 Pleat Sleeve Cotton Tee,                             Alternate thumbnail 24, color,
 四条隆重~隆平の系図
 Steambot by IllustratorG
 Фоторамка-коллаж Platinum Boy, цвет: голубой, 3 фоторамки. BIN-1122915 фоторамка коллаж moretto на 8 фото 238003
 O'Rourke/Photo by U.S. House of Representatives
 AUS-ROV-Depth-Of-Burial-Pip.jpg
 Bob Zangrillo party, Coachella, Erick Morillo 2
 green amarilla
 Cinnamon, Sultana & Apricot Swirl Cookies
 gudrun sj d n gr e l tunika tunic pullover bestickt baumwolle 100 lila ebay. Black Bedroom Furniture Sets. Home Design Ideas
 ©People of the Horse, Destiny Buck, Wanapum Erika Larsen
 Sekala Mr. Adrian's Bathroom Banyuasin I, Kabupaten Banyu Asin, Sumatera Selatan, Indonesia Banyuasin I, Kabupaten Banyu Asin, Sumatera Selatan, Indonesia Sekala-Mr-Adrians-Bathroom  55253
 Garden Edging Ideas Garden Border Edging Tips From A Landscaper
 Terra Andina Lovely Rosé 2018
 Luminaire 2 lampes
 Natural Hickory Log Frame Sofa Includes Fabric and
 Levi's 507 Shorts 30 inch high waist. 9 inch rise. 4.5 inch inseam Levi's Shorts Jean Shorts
━━━━━━
About this task: Take the line containing "Garden Edging Ideas" as the start and the last line of the data as the end, and reproduce that range exactly.

Written answer:
 Garden Edging Ideas Garden Border Edging Tips From A Landscaper
 Terra Andina Lovely Rosé 2018
 Luminaire 2 lampes
 Natural Hickory Log Frame Sofa Includes Fabric and
 Levi's 507 Shorts 30 inch high waist. 9 inch rise. 4.5 inch inseam Levi's Shorts Jean Shorts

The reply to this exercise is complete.